Besides, she missed Godiva chocolate, Häagen-Dazs, indoor plumbing, and central heating. She missed glamour magazines, television, and obnoxious commercials. She missed her grand piano. She missed her comfortable bed. And, she actually did miss the subway in New York. Peace and quiet became irritating after a few months.

I love him. Please let me go home.

She felt something shudder. She opened her eyes and looked to her left.

She blinked.

A road. A house in the distance.

She looked to her right and there stood Richard still, surrounded by his men. Hugh still had his hand in her hair, but the knife had fallen away from her neck. Jessica spun away from him, but he seemingly gathered his wits and came after her, his arm raised, the knife glinting in the sunlight.

Jessica stumbled and fell backward.

“Jessica!”

She closed her eyes and waited for the pain. But it never came.

She opened her eyes.

She was in a field, much like the one she’d been in a split second before.

But she was alone.

38

Richard watched Hugh throw himself at Jessica and he thought his heart just might stop. But before he could leap across the distance and rescue his lady, he realized that his brother had fallen upon nothing.

Nothing but the winter grasses.

Jessica was gone.

Hugh jumped to his feet, then threw his head back and howled.

Richard looked at his men. To a man, they were making the sign of the cross and looking as if they’d just seen the jaws of Hell opening up before them with the singular intention of ingesting them whole.
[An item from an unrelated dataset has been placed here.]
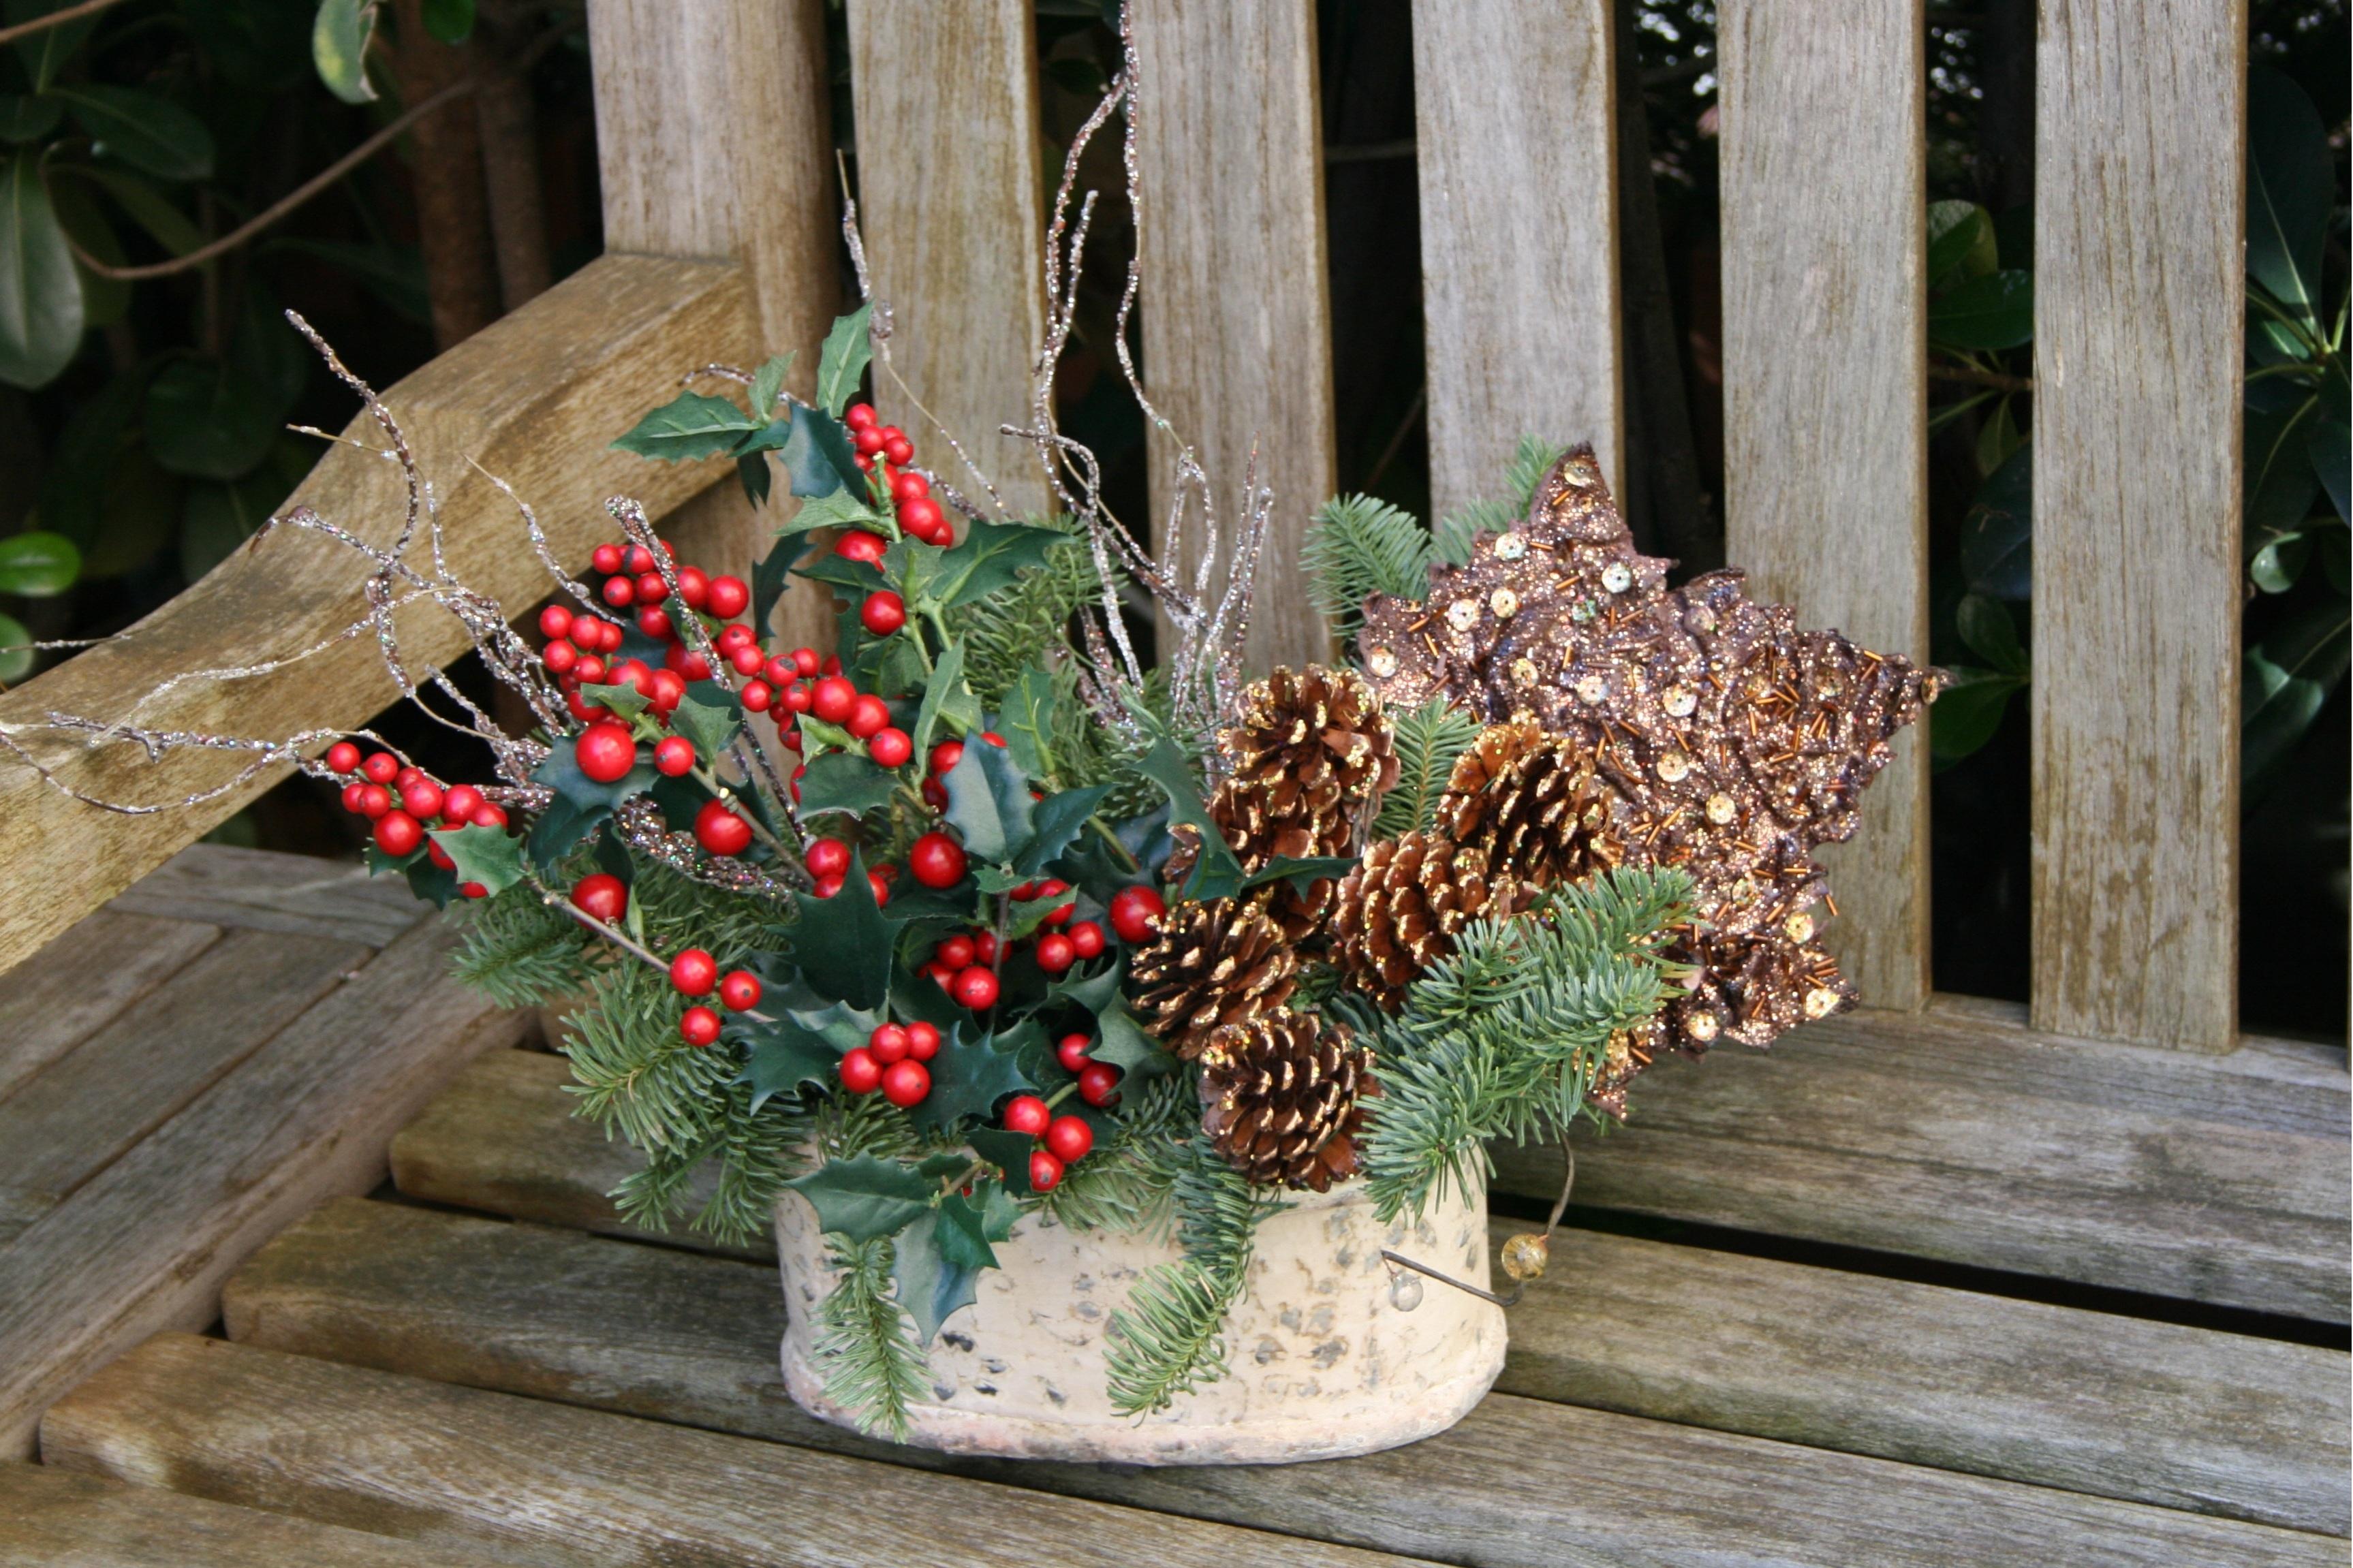 Centros navide os muy asequibles el blog de fiore for Centros navidenos

Richard actually couldn’t blame them. He’d believed Jessica, aye, but there was nothing like seeing something in truth to remove all doubt.

And then he realized what he’d seen.

She was gone.

He cried out and stumbled forward, his hands out-stretched.

“Jessica!”

He dropped to his knees. There was no mark where her feet had been, no bent blade of grass, no disturbed bit of
dirt. If he hadn’t known better, he would have thought he’d dreamed her.
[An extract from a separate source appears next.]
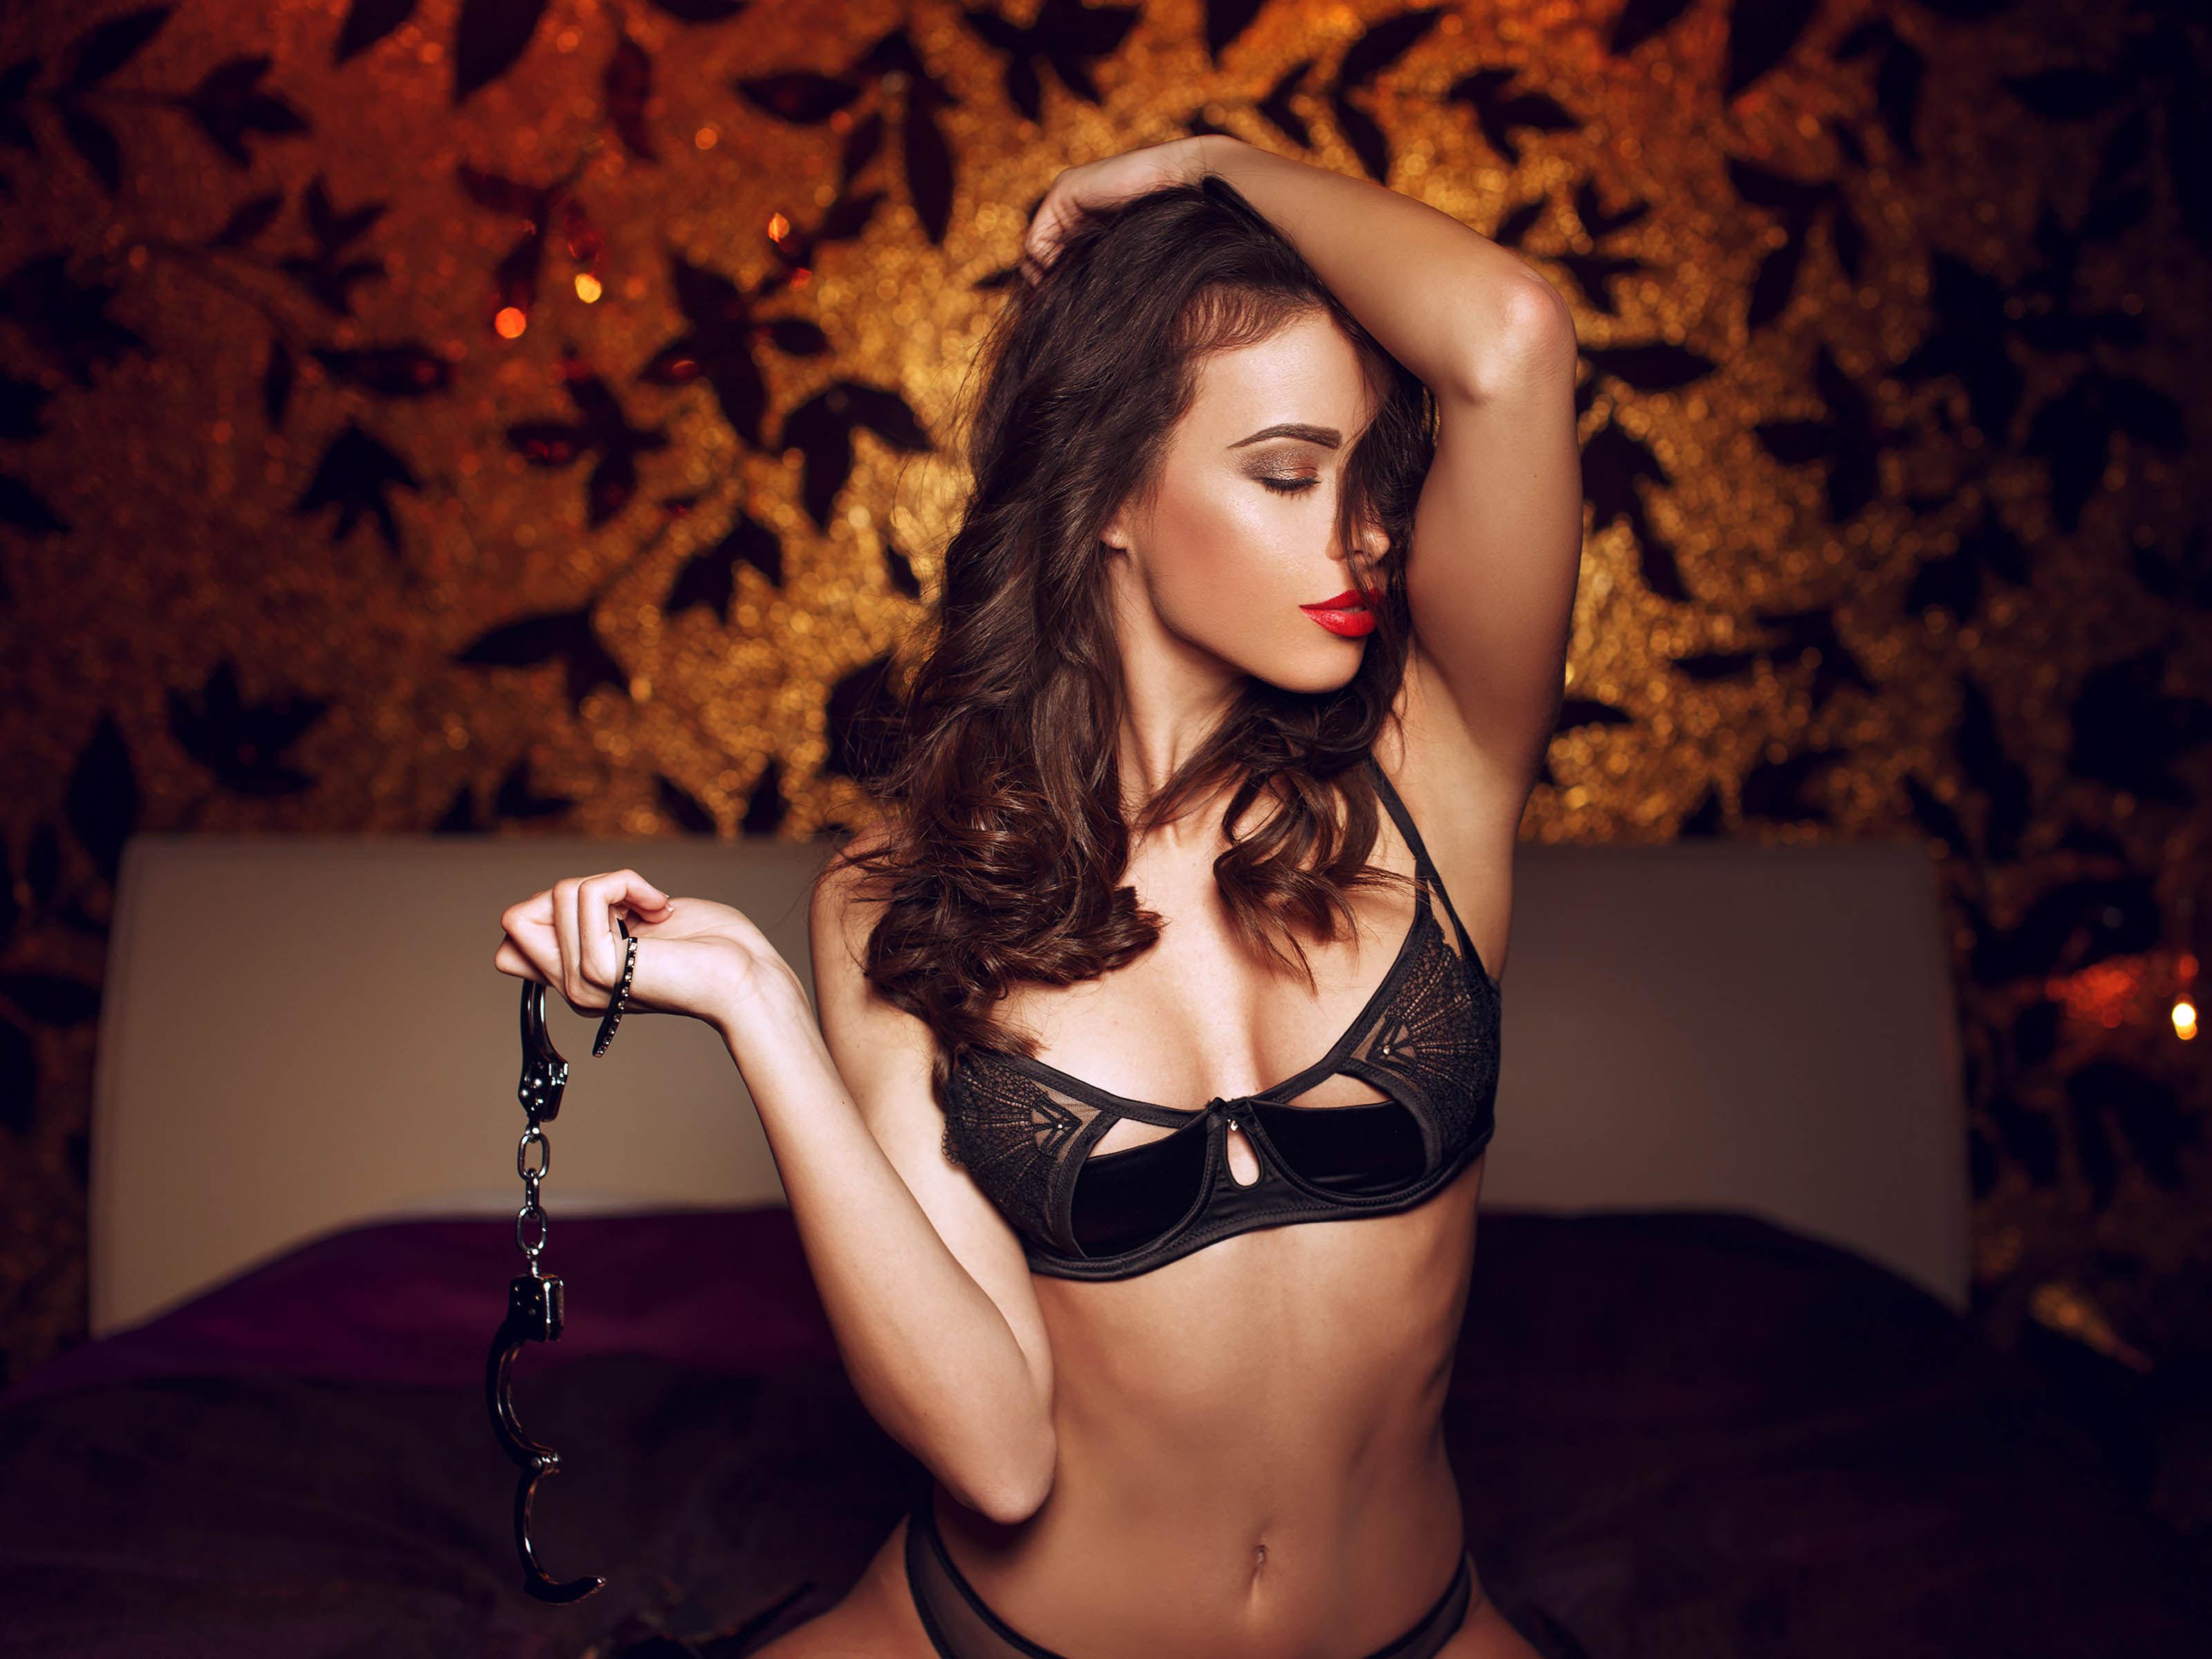 blog espn anal sex

Nay, the agony in his chest was a perfect reminder of just how well he’d known her.

He put his face in his hands and wept.

He knew his men were behind him, but he also knew they would not aid him. He’d trained them all too well. No one would touch him, no one would say anything, no one would offer comfort.

And the one person who consistently ignored all his fierce growls and snarls was hundreds of years away.
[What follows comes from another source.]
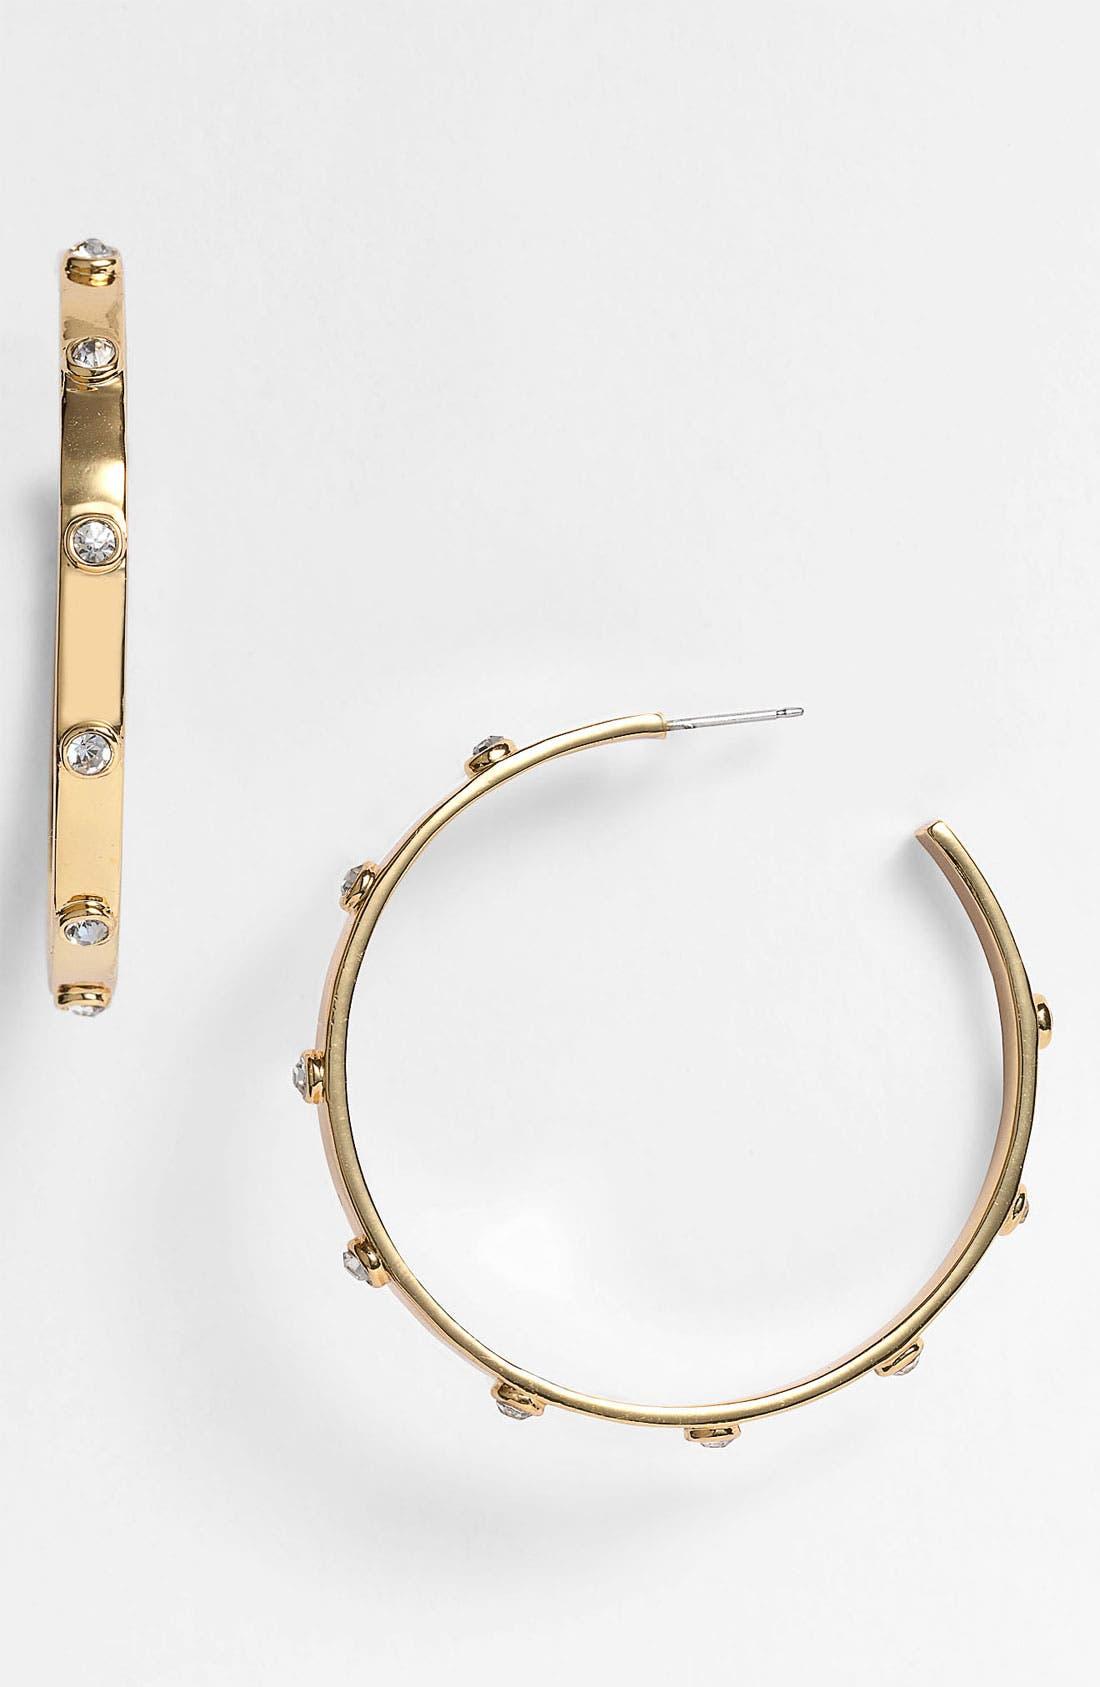 Main Image - Vince Camuto 'Speakeasy' Hoop Earrings

Where he couldn’t have reached her had he wanted to.

•   •   •

Hugh de Galtres stood several feet from his brother and trembled. He wasn’t a coward by nature, but he had just witnessed what he could only believe was magic. One moment Jessica had been standing there, the next she had disappeared.

It was true, then.

She was a faery.

Hugh ignored his brother kneeling there, weeping. Not even knowing that he had driven Richard to this humiliation was enough to bring Hugh from his stupor.

“You.”

The raw brutality of that voice, however, was.

Hugh came back to himself in time to see Richard heave himself to his feet. He backed away, but not quickly enough.

“You did this,” Richard rasped. “You bastard.”

Hugh couldn’t even defend himself. He was far too unnerved by what he’d just seen.

“The faery—”

He managed no words past that. Richard’s hands around his throat cut off both his words and his air.

“Go home,” Richard said, “speak no word. And think on how fortunate you are to still have your life.”

Hugh knew Richard was close to breaking his neck, so he closed his eyes in agreement and found himself quite
suddenly sprawled on the ground. He took several deep breaths, indeed grateful that he was still alive to do so, then blurted out his most burning desire.

“My aid,” he gasped.

“You’ll have it,” Richard snarled. “But never let me see your sorry visage again. And never, ever say aught of this.”

Hugh doubted he would ever forget what he’d seen that day or how deeply it had disturbed him, but he also had the feeling that he wouldn’t be saying anything about it.

No one would have believed him.

But as he heaved himself to his feet, he couldn’t help but feel a bit vindicated. The creature had sprung up from the grass and he had been the one to force her home. In time perhaps Richard would even come to appreciate that and see Hugh rewarded properly for his deed.

Hugh looked at his brother and decided, however, that such a time was not likely to arrive in the near future. He slunk off as quickly as he could and prayed with all his might that Richard would make good on his promise of aid.

If not, all Hugh’s efforts on Richard’s behalf would have availed him nothing.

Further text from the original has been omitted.